PMC Copyright notice

Enzymatically Active HLCs Are Generated from PGPC iPSCs

(A) Hepatocyte-like cell differentiation scheme. iPSCs were dissociated to single cells and maintained in ROCK inhibitor for 24 h to support survival. From D1 to D4 cells are transferred to STEMdiff definitive endoderm (DE) differentiation kit. From D5 to D9 cells were switched to serum-free differentiation (SFD)-based medium with activin A for 4 days and basic fibroblast growth factor (bFGF) for 2 days adding B27 without retinoic acid (RA). Medium was changed every other day, then on D9 cells were switched to low glucose DMEM supplemented with SB-431542 and bone morphogenic protein (BMP4) from day 9 to day 15. bFGF was added back to the medium during D9 to D15 while B27 with RA was supplemented from D9 to D25 with medium changed every other day. From D15 to D25 hepatocyte growth factor (HGF), dexamethasone, and oncostatin M (OSM) were added to culture medium. From D15 to D21, cells were cultured in a mixture of low glucose DMEM/Ham's F12 (3:1) medium, and at D22 cells were cultured in a mixture of high glucose DMEM/Ham's F12 (3:1) medium. Bright-field images highlight morphology changes during differentiation. Scale bars represent 100 μm.

(B) Heatmaps indicating log2 fold change of marker gene expression normalized to iPSCs (top) or to fetal liver (bottom) (independent experiments = 3).

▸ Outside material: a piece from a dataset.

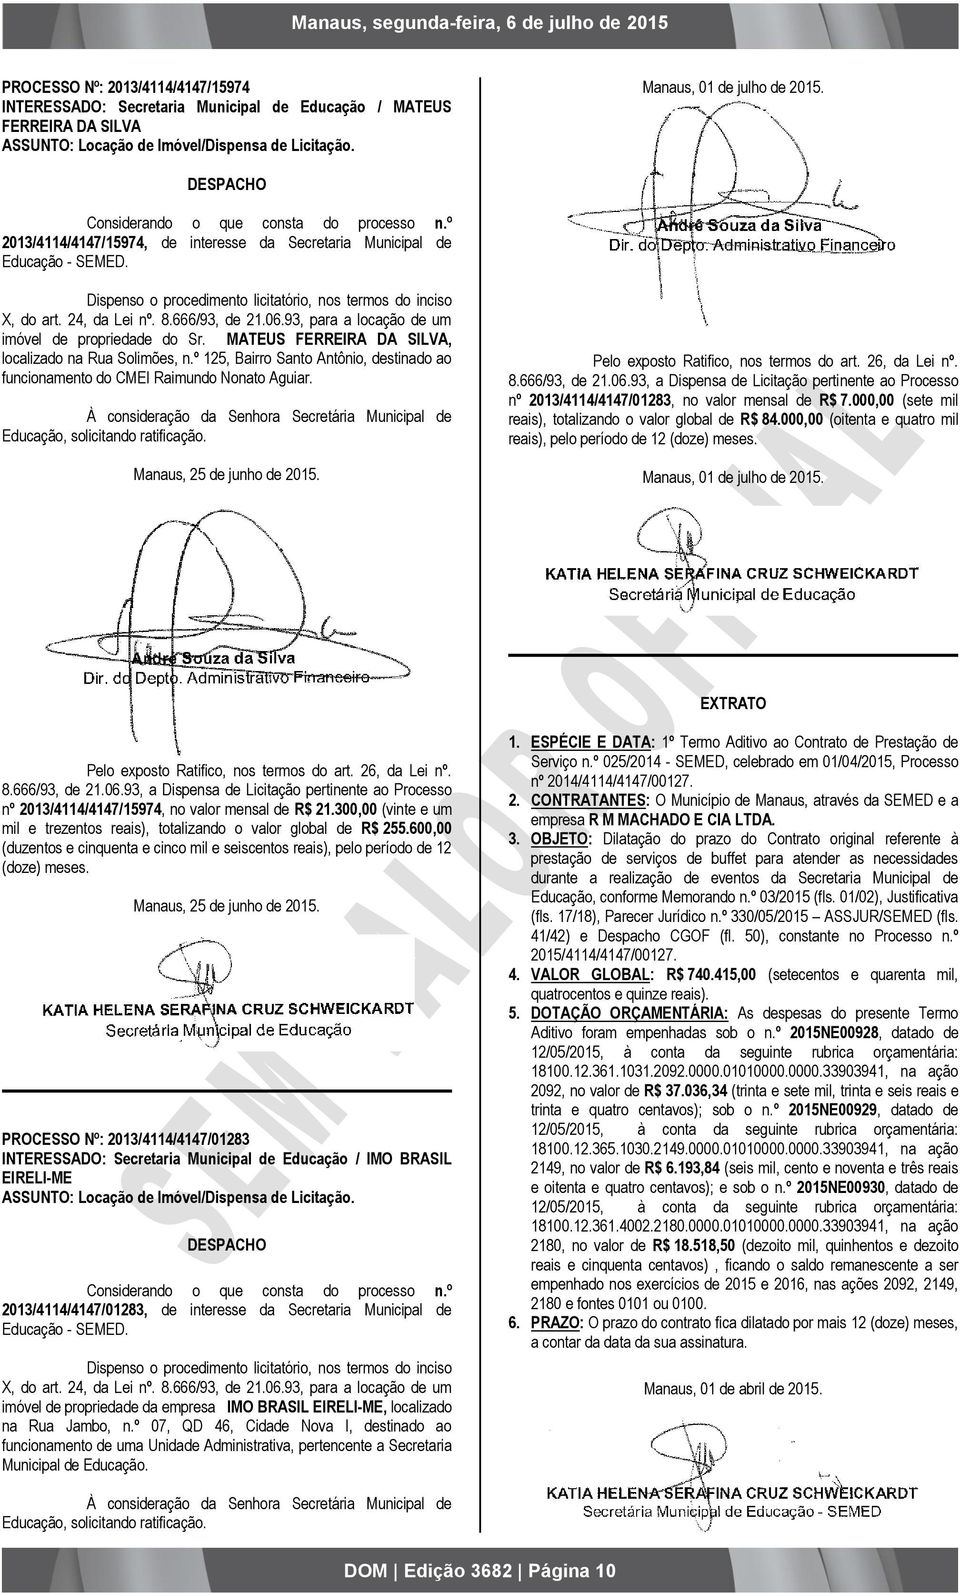 24, da Lei nº. 8.666/93, de 21.06.93, para a locação de um imóvel de propriedade do Sr. MATEUS FERREIRA DA SILVA, localizado na Rua Solimões, n.
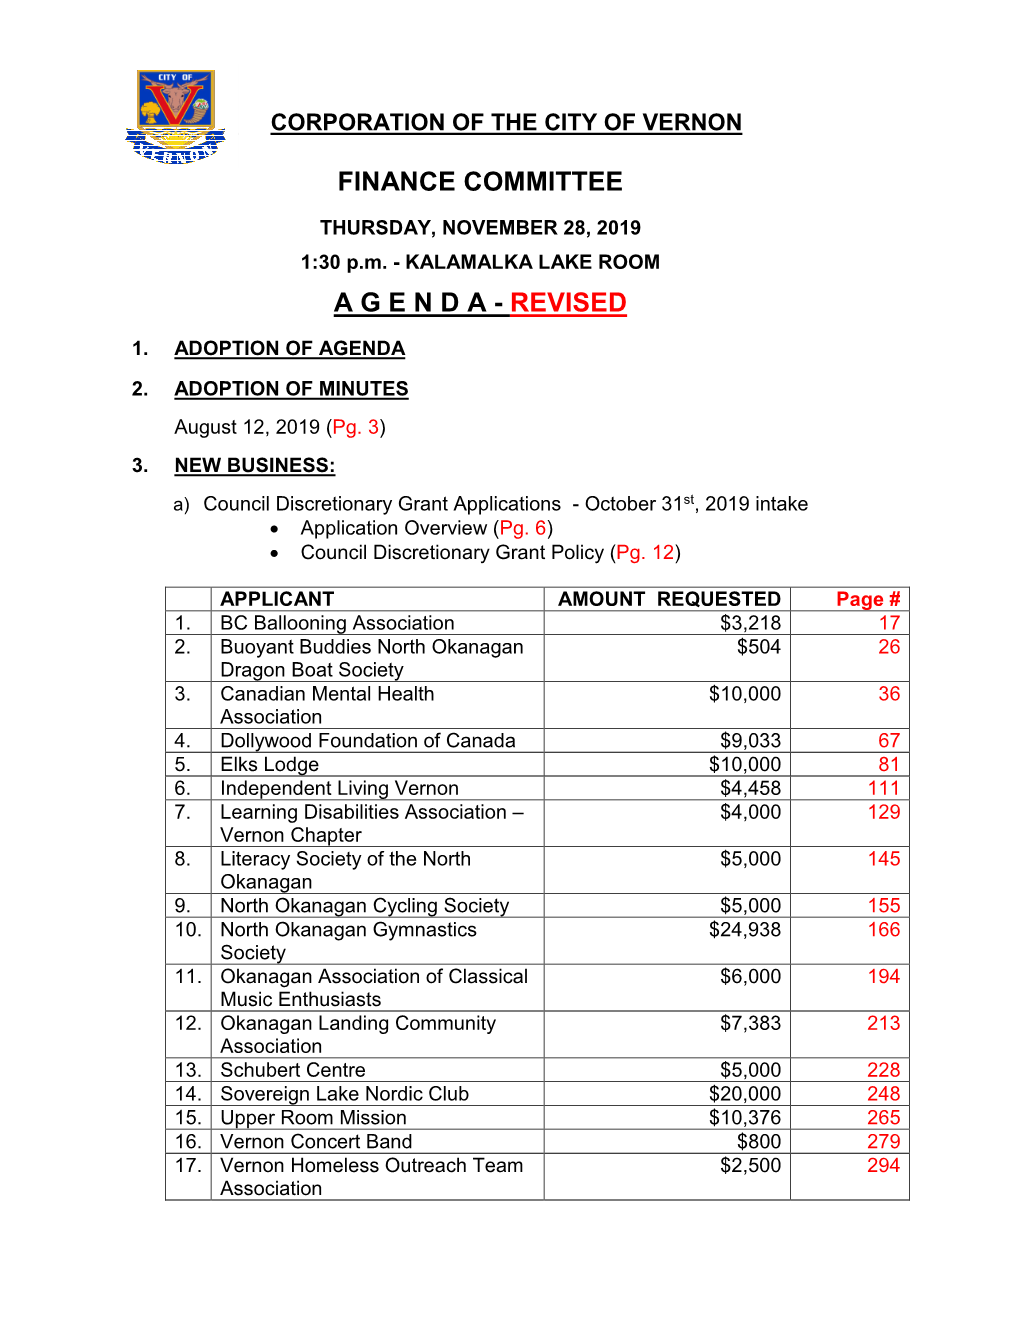 Finance Committee a G E N

(C) Dissociated D25 PGPC14 HLCs were labeled with anti-ALB and anti-AFP (left) or anti-alpha-1-AT and anti-CYP3A7 (right) and subjected to flow cytometry (independent experiments = 3).

(D) Representative immunocytochemistry images of D25 PGPC14 HLCs labeled with DAPI and anti-AFP, anti-albumin, anti-CYP3A7, or anti-HNF4A (independent experiments = 3). Scale bars represent 100 μm. Color channels were independently altered to adjust contrast for publication.

(E) Log scale plot of luminescence of each cell line measuring P450 enzymatic activity assayed at D14 and D25 with or without ketoconazole as an inhibitor (independent experiments n = 3; technical replicates for untreated samples = 2, treated samples = 1). Statistical significance was determined by Dunn's test between all samples and ^∗ indicate pairs where p < 0.05.